Showing posts with label Basic concepts. Show all posts
Showing posts with label Basic concepts. Show all posts

Tuesday, 17 April 2018

What are Layers

The standard explanation of layers in image-editing is “think of layers as like a pile of acetates” or “layers are like transparencies laid on top of each other”.

The problem with this description is that anyone under 30 (I guess) is unlikely to have encountered the type of overhead projector (OHP) which uses transparencies.  In fact, the last time someone asked me if I knew where to find an OHP for an elderly presenter whose material was all on transparencies, my honest answer was “Try the museum”.

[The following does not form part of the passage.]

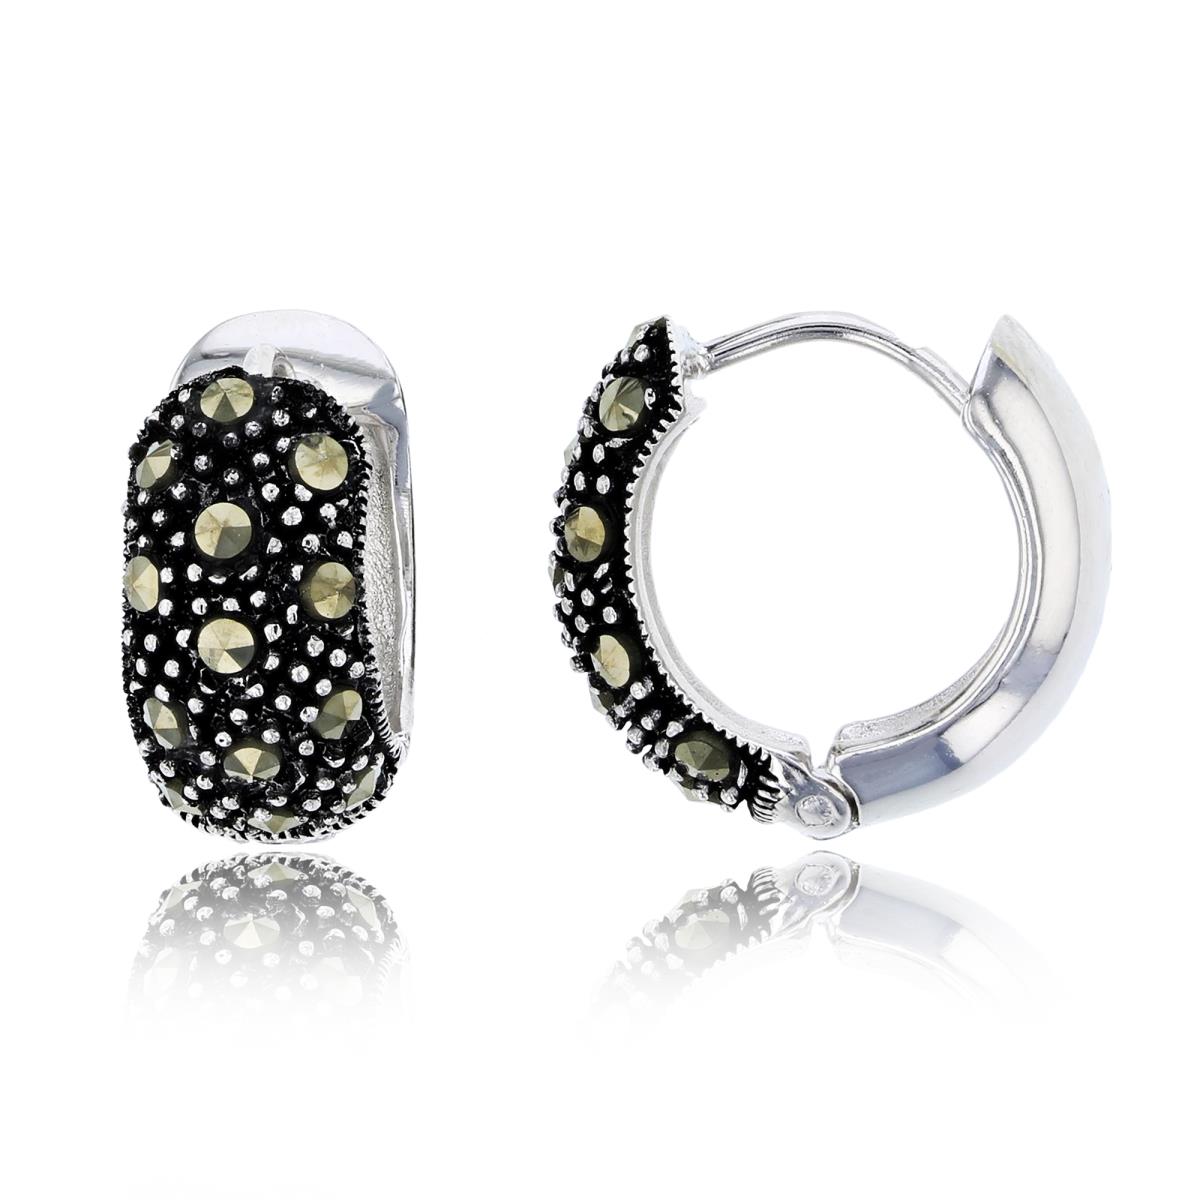 Sterling Silver Oxidized 15x7mm Pave Rd Cut Marcasite Milgrain Huggie Earring

Understanding the overhead-projectors / transparency / acetate answer

An overhead project was a light box with a lens mounted above it which rotated light from the light-box by 90 or so degrees (using mirrors), to allow it to be projected onto a wall or screen

A transparency was an A4-size sheet of rigid plastic, made out of a chemical called acetate, and able to cope with the high temperatures generated by the bulbs in early overhead projectors.
So it was possible to use the projector to show text or an image from a transparency onto a wall or screen. They were fantastic pieces of technology in their day: they freed teachers from writing the same stuff on blackboards over and over again, they gave business people and trainers far more options for explaining things to groups of people, and they freed church-goers from being stuck to the same old hymns from their hymn book. But they were expensive: acetate transparencies cost a lot, as did the special pens that were needed to write on them. Eventually there were transparencies which could be put through laser printers, but the printed text tended to chip off them over time. as laptops got cheaper and data-projectors became more widely available.

A better explanation of layers

Yes, you can even get them in
pretty coloured edgings like this
Think of layers as similar to plastic page-protectors – the high-quality ones that you can see through properly, not the cheaper ones that look a little fuzzy.

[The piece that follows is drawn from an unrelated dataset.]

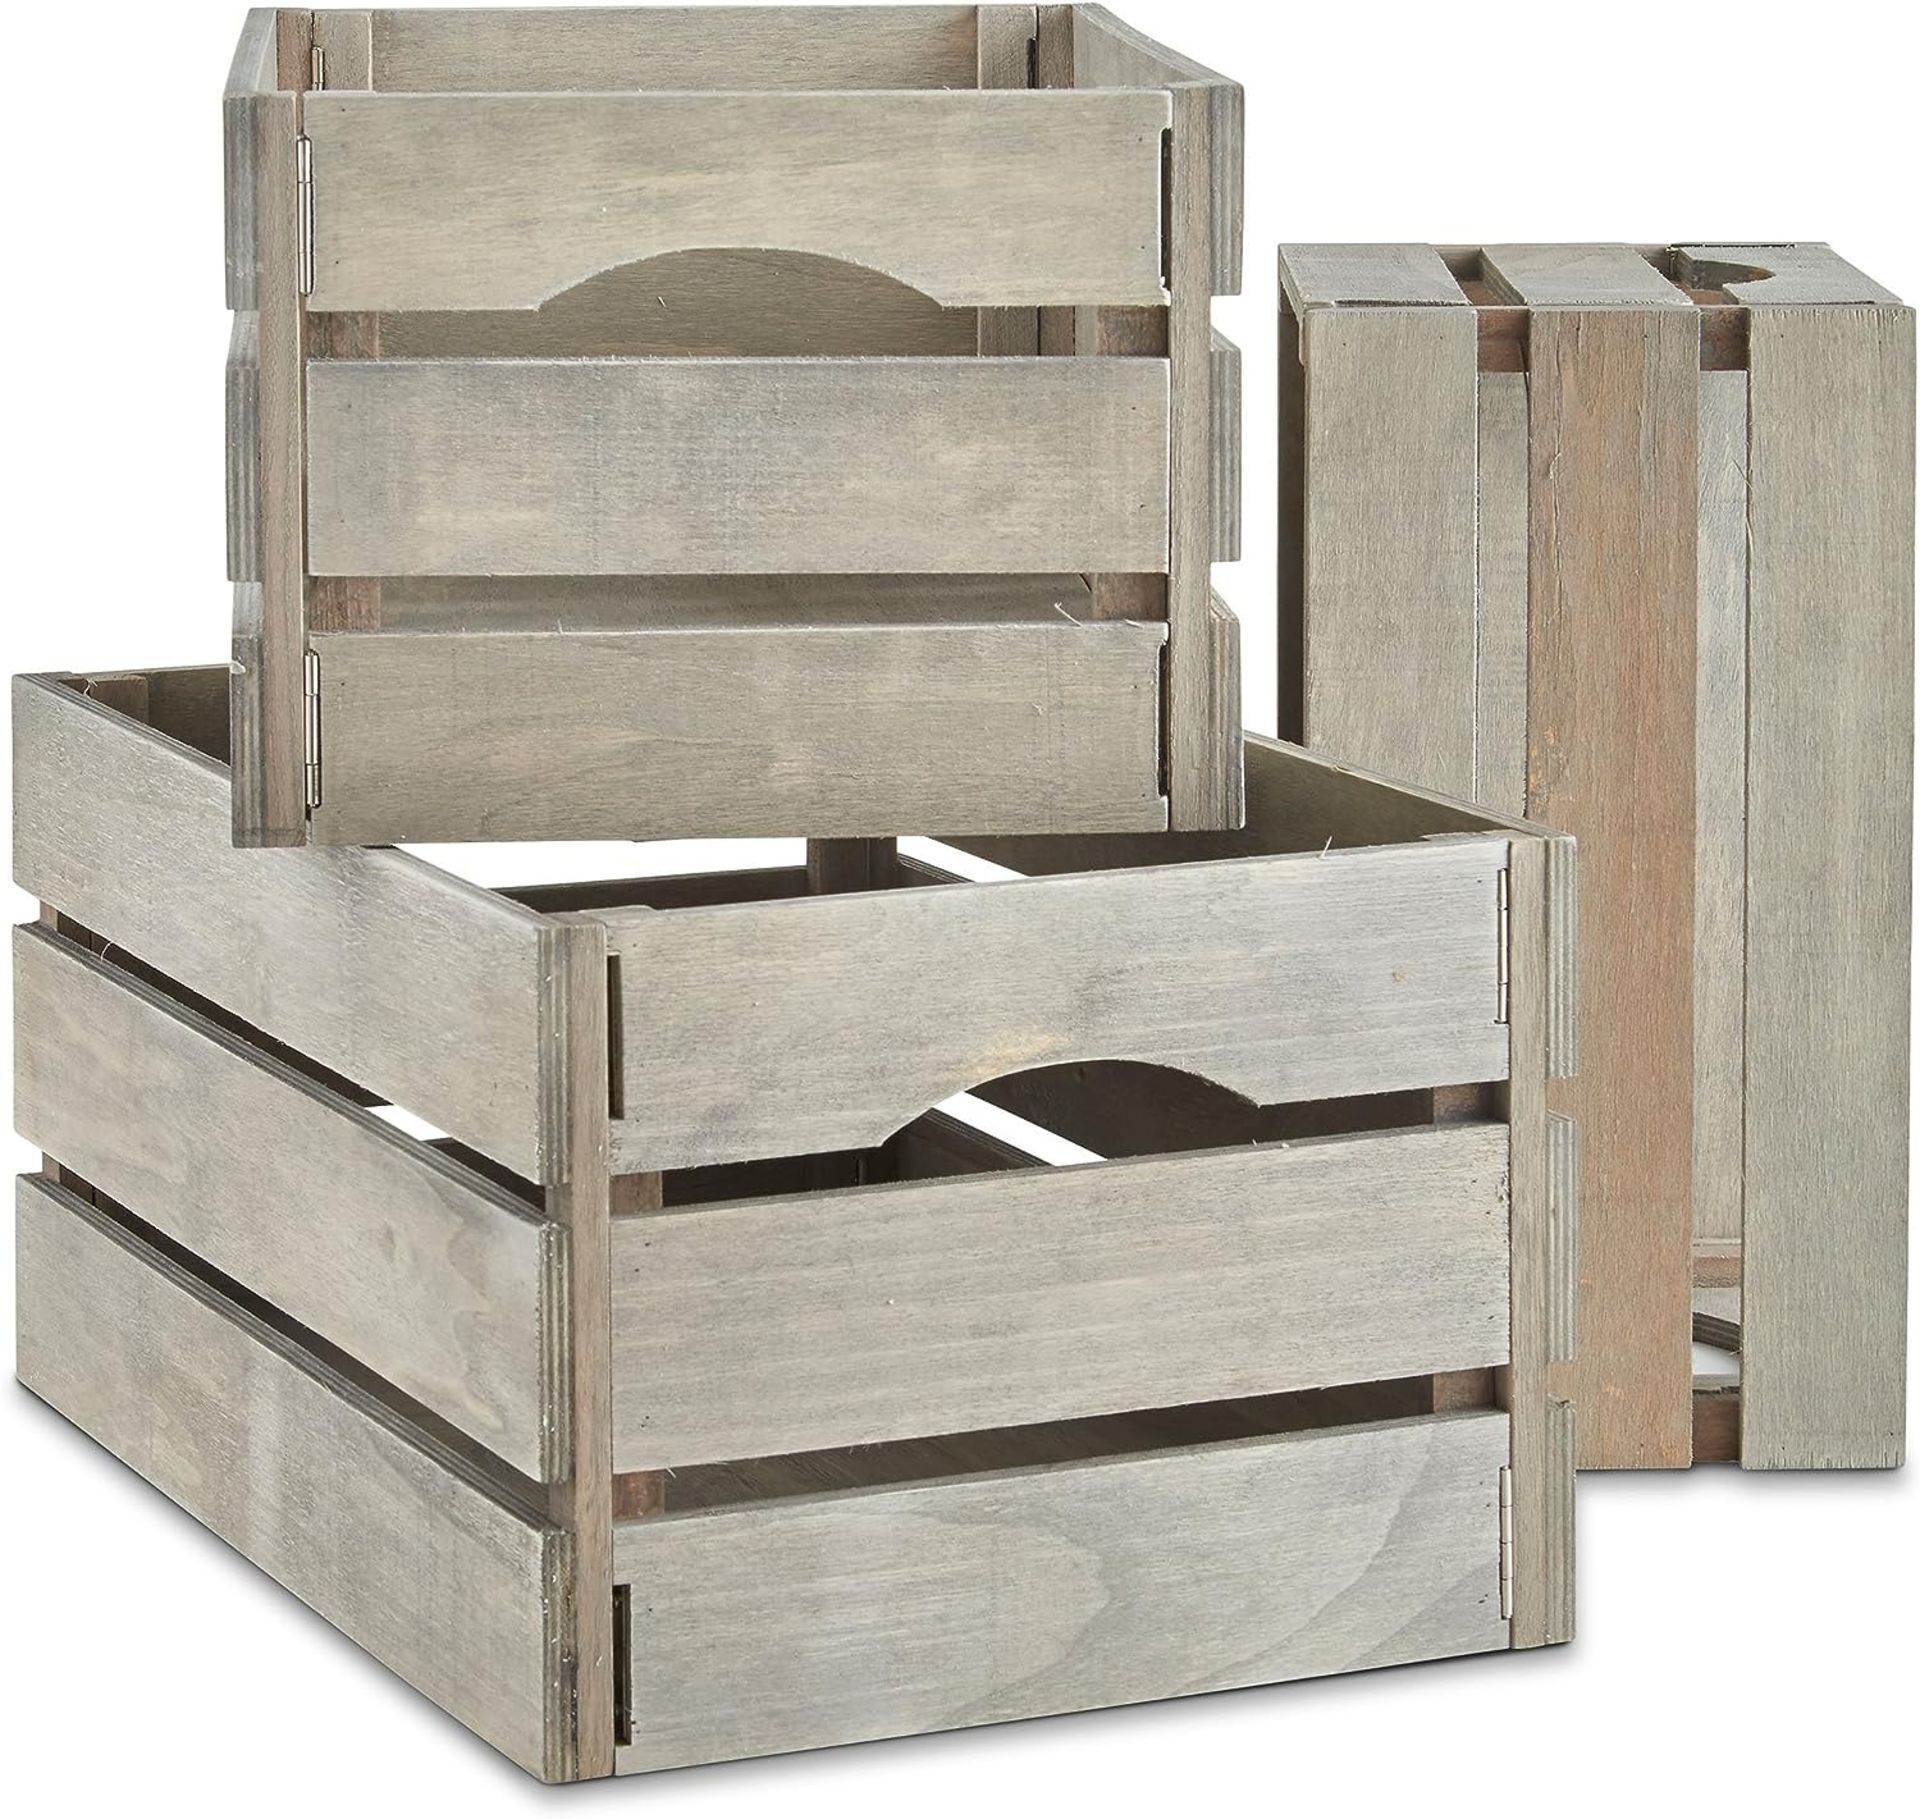 6 X BRAND NEW SETS OF 3 GREY WASHED WOODEN CRATES R2.1

And think of a file in your image-editing program as being like a ring-binder folder.

Now imagine putting a pile of page-protectors in a folder, putting some parts of an image into each of them

If you look into the pile from the above, then the picture that you see is the sum of all the picture-parts in the individual page-protectors:
  • If there is a part of the page which isn’t covered up by the contents of any page-protector, then that part will look empty, AKA transparent.
  • If one page protector has something which covers the whole page, then you won’t be able to see anything from page-protectors which are underneath that one. So most likely you want to put that “background” page-protector at the very bottom of the pile.

And that is how layers work in pretty much all image-editing programs (Photoshop, GIMP, Paint.net, etc)

Of course you can do more with layers in a computer programme than you can with page-protectors: you can be certain that items which you put into a layer will stay exactly where you put around and not wiggle out of place if someone moved the folder. But you can also you can make them semi-opaque, re-arrange the order of the layers using drag-and-drop, apply a colour filter to an entire layer, etc.

But the general idea is the same.


Next: Working with layers in Photoshop

Wednesday, 21 March 2018

What is digital imaging

Wikipedia says that
Digital imaging or digital image acquisition is the creation of photographic images, such as of a physical scene or of the interior structure of an object. The term is often assumed to imply or include the processing, compression, storage, printing, and display of such images.

The ECDL Foundation, who prescribe the European Computer Driving Licence curriculum, have used the phrase image-editing to mean working with images using image editing software (eg Photoshop).   Their curriculum (see my notes on it) doesn't include creating or capturing digital images, presumably because this is regarded as photography. 

Some local institutions which teach this image-editing curriculum use Digital Imaging as the title of their courses.

As the lines between computers and cameras has blurred (to the point where all cameras are now computers, and most computers and mobile phones include a camera), the distinction between image capture and image editing has become less useful.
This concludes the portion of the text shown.